Of course, Ty would never allow Grandma Betty to worry about him. He must’ve checked in using someone else’s phone. Then I break the news that Marvin Griggs is out of jail and back in Palmyrton. This update elicits a stream of abuse that I didn’t think someone as kind-hearted as Betty was capable of, even if the subject is her despised former son-in-law. When I can finally get a word in edgewise, I warn her. “Betty, I’m afraid Marvin’s going to come to your place sometime this evening looking for Ty. I don’t want you to be there alone. Come and stay with Sean and me until Ty can deal with his father tomorrow.”
“Child, that’s so nice. But I happen to be at my sister Vonda’s house right now, so I’ll just stay put here. Marvin don’t have no idea where Vonda lives.”
“Are you sure? Because I promised Ty—”
“Girl, I been takin’ care of myself since long before you was born. I don’t need nobody treatin’ me like a helpless old lady.”
No sooner do I hang up with Betty than my phone rings again. Sean.
“We got the van. They’re dusting it for prints. And they found the gun. It was a toy.”
“No way! It sure looked real to us.”
“Don’t feel bad. Plenty of cops have mistaken toy guns for real. You’ll have the van back tomorrow.”
“Yay!” With all the commotion today has brought, I’d forgotten about the van. I’m thrilled to have it back, but worried, too. “Is it all torn up?”
“I’m in Palmyrton,” Sean says. “But the guys in Newark say it’s not too bad. You’re going to need two new front tires.”
“What about the stuff inside? Was it still there?”
“I’ll send you the pics of the interior that the Newark team sent to me,” Sean says.
“Did you talk to George?” I ask.
“Couldn’t connect with him. Left him a long message about the photo and the theory that some
one might be after it. Gotta go, Audrey—I have actual work to do on Loretta’s case. I’m sending the pics now.”
A moment later, I’m studying pictures of the jumbled interior of the van. The box of kitchenware, some garden tools, and a small end table are all that were inside at the time of the theft. The box was dumped out and all the stuff scattered, but as far as I can remember, everything that we intended to give to Sister Alice looks like it’s still in the van. So clearly, we didn’t have whatever the thief was looking for.
What was he looking for?
I’ve been so certain it was the photo in the box, simply because the fact that it was hidden makes it seem valuable. But what if I’m totally wrong?
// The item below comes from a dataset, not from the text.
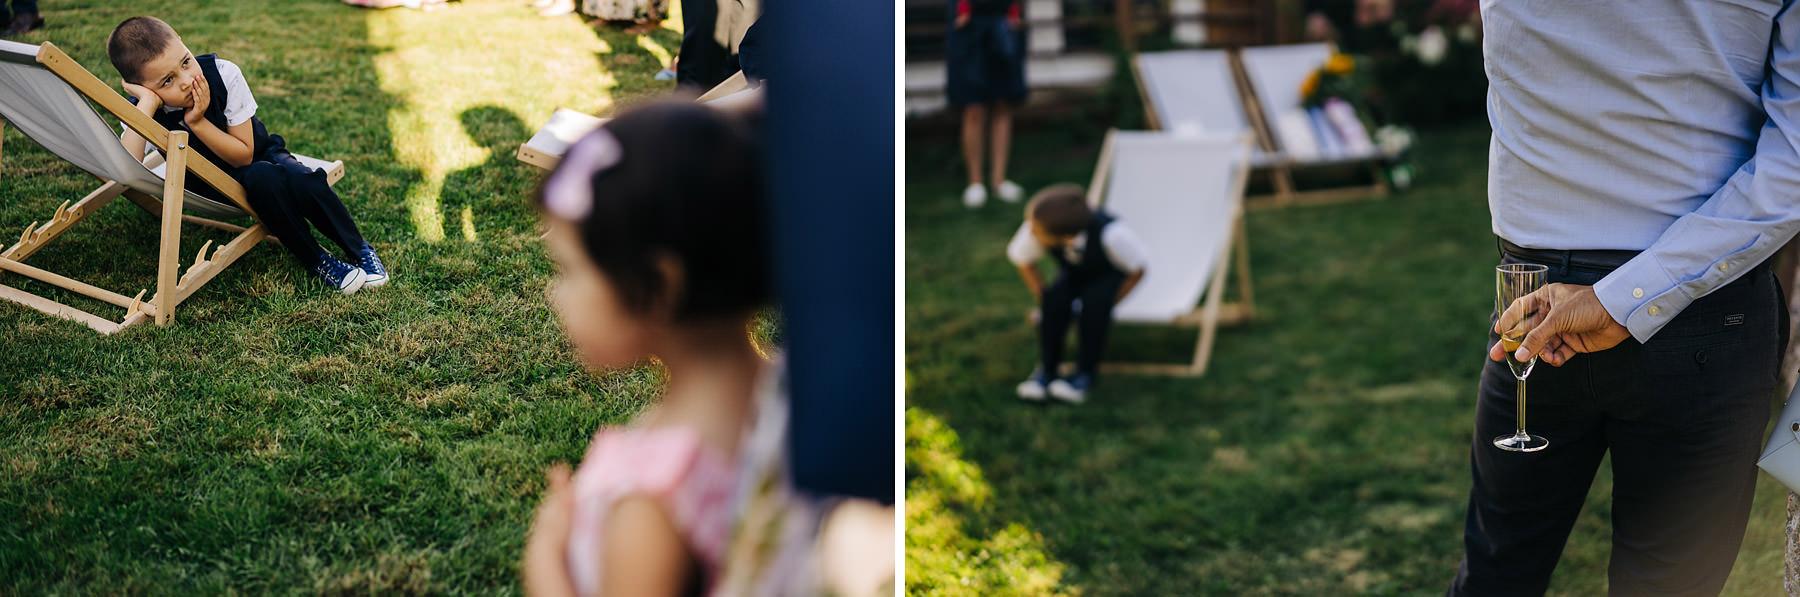 ogród babette slow wedding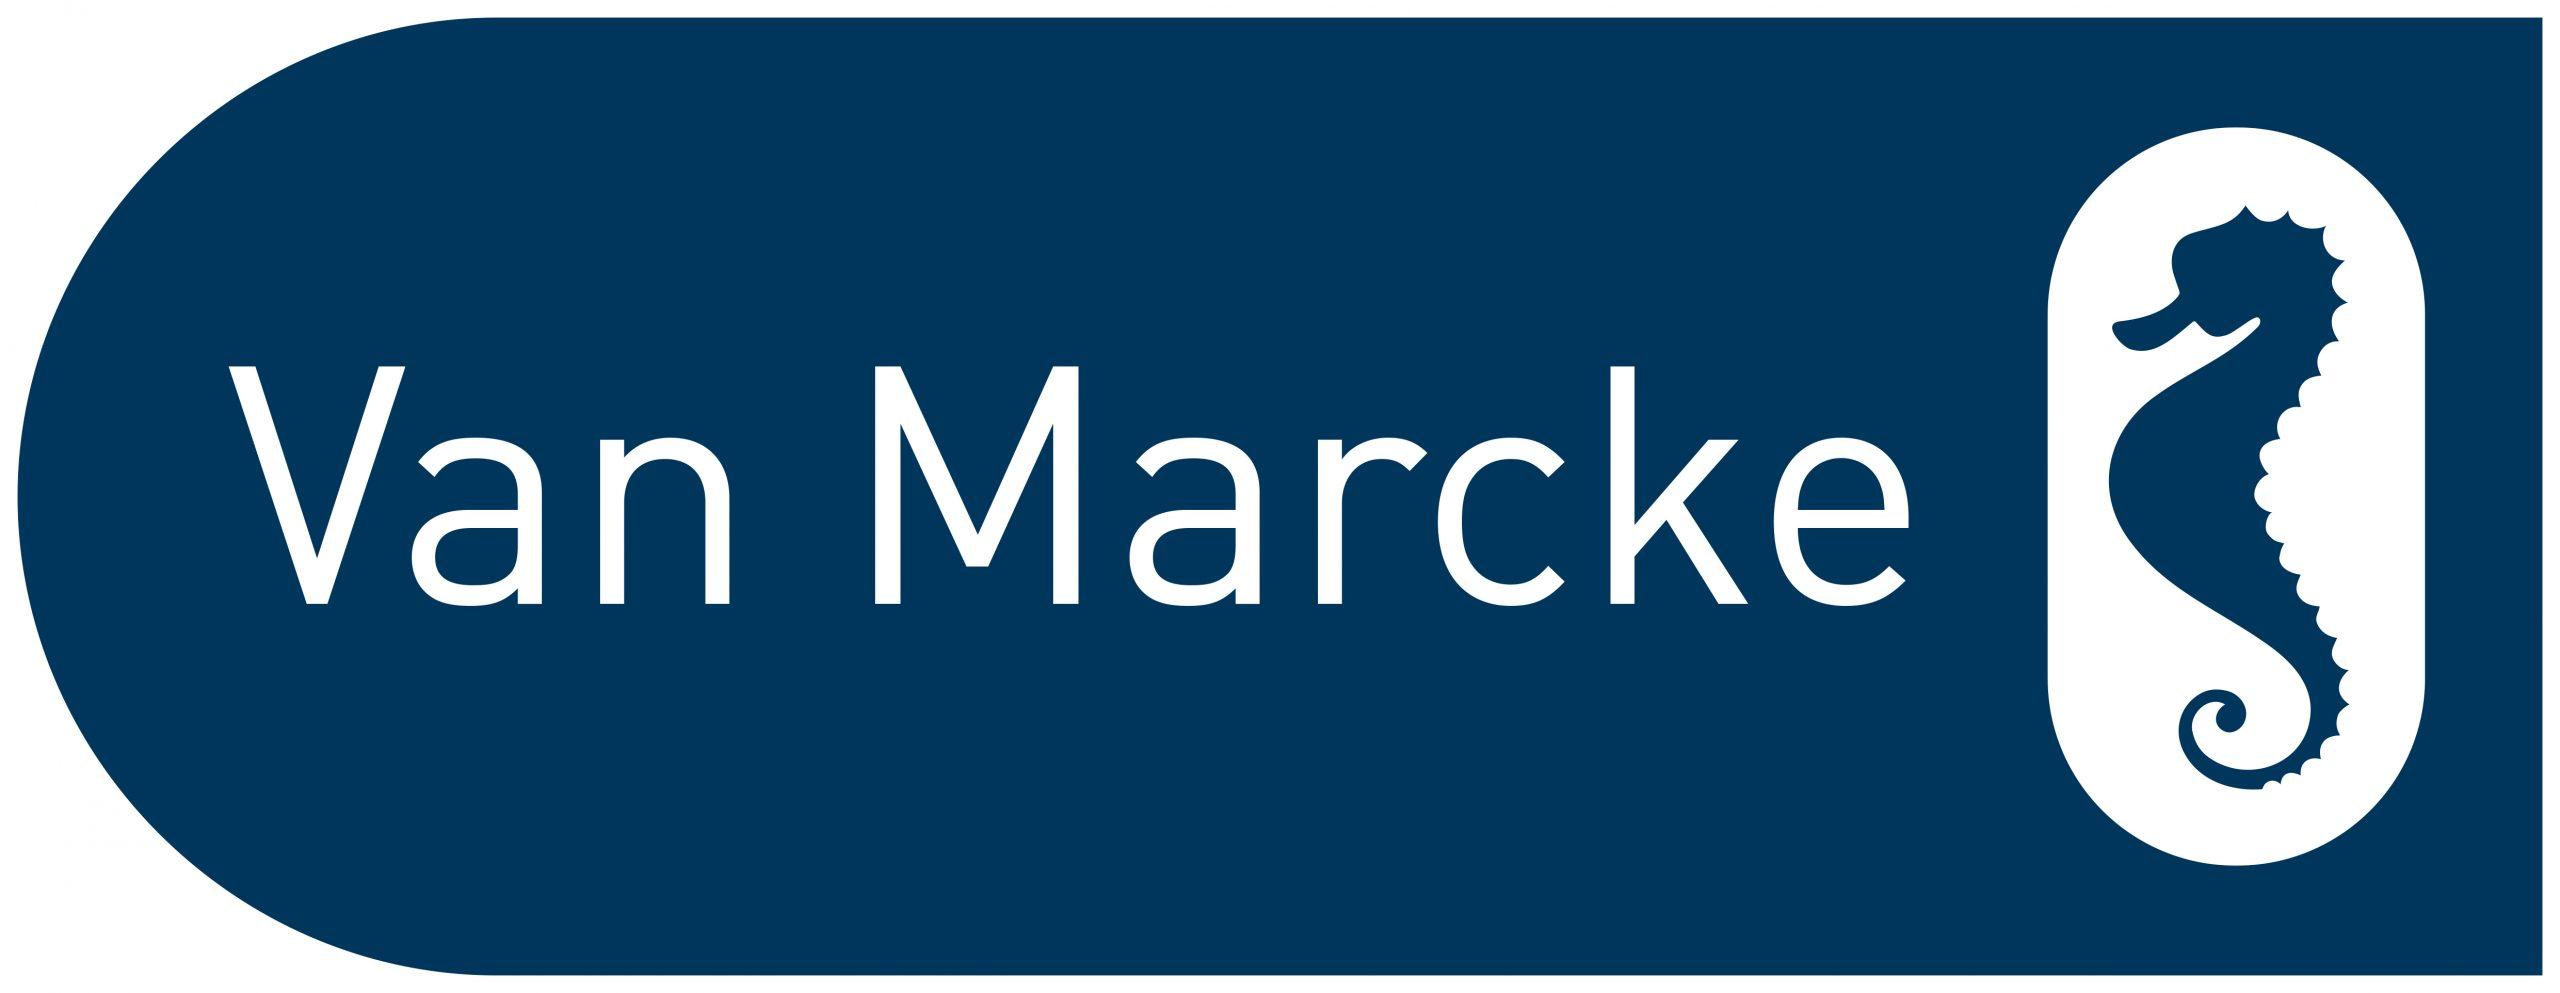 Van Marcke

Just as in advanced mathematics or chess, the best way to get out of a seeming dead end is to approach the problem from an entirely different angle.
Who knew that we take stuff that doesn’t sell to Sister Alice?
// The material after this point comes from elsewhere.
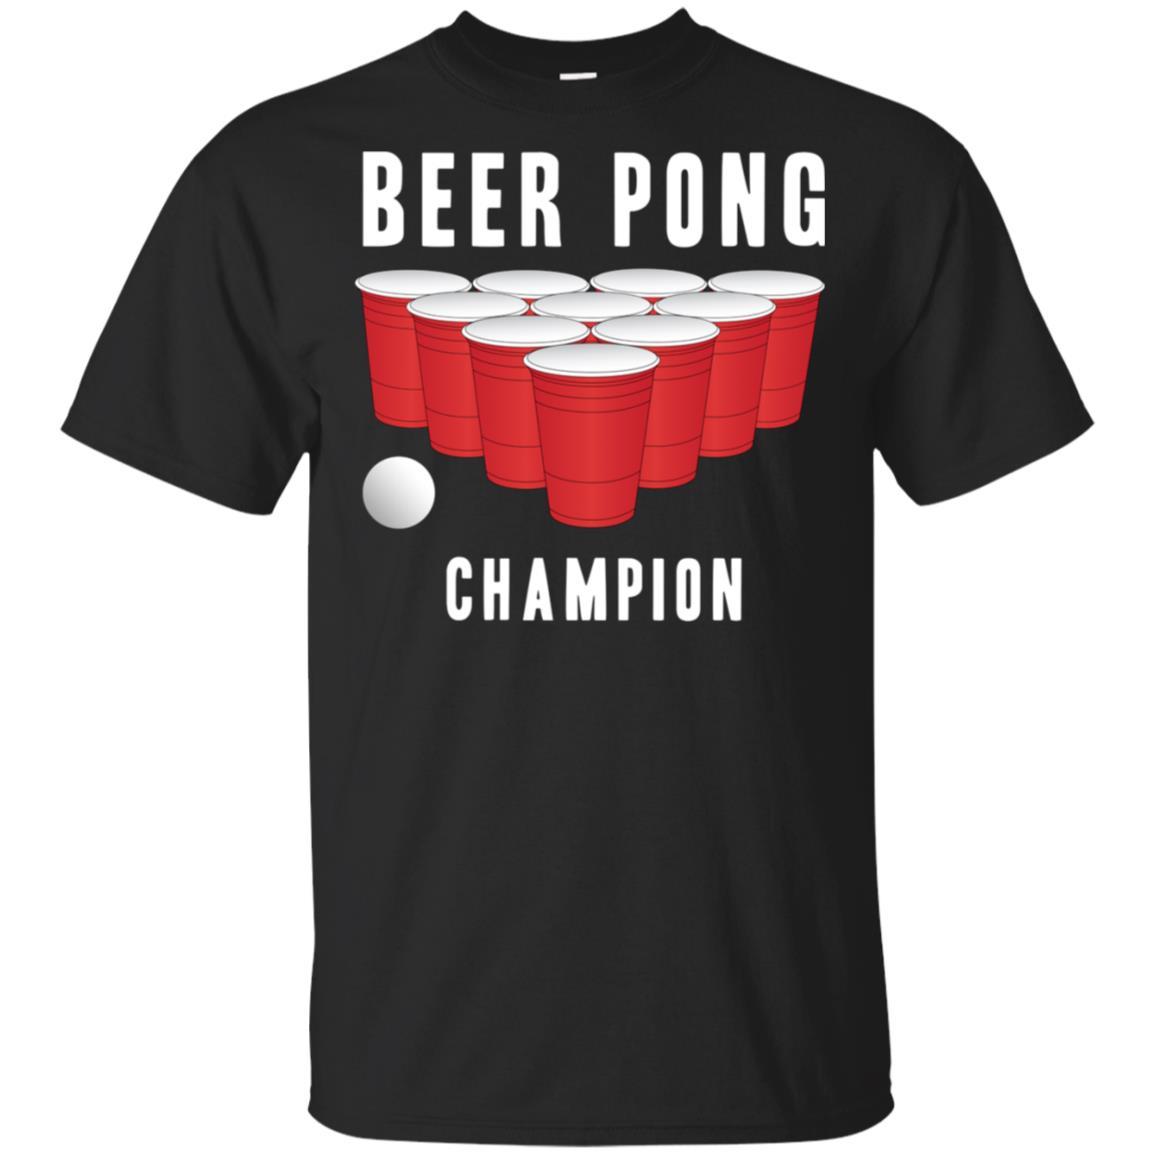 Beer Pong Champion Party Tee Alcohol Men Women Unisex Short Sleeve

George, because this is spelled out in every contract.
Crawford? Only if George told him, and why would they be discussing that? But I can check with George.
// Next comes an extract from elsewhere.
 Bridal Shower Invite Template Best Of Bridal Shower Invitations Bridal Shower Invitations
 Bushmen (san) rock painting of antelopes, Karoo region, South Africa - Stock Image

So maybe the theft had nothing to do with the Armentrout job. What else was in my van that someone might want?
I think of the piles of clutter in the footwells and sliding across the front seats. I try to envision the interior of the van the last time I saw it.
Nothing valuable appears in my mind’s eye. But something unusual was there. I can picture it fluttering in the corner of my memory.
Except....the ledger. The ledger was on the front console for days until Ty told me to put it somewhere safer so Donna wouldn’t toss it.
Anyone could have seen it there.
Who would want it?
Henry knew I took it, and he might have mentioned it to Levi or Dennis. But if they wanted it back, all they had to do was ask. It technically belongs to the Rosa Parks Center. Why try to steal it back?
Unless it contains information you want to keep secret.
Chapter 30
AT 11:30 THE NEXT MORNING, Ty’s phone blows up.
It buzzes and chirps across my desk as a hail of text messages and SnapChats roll in. I glance at the screen.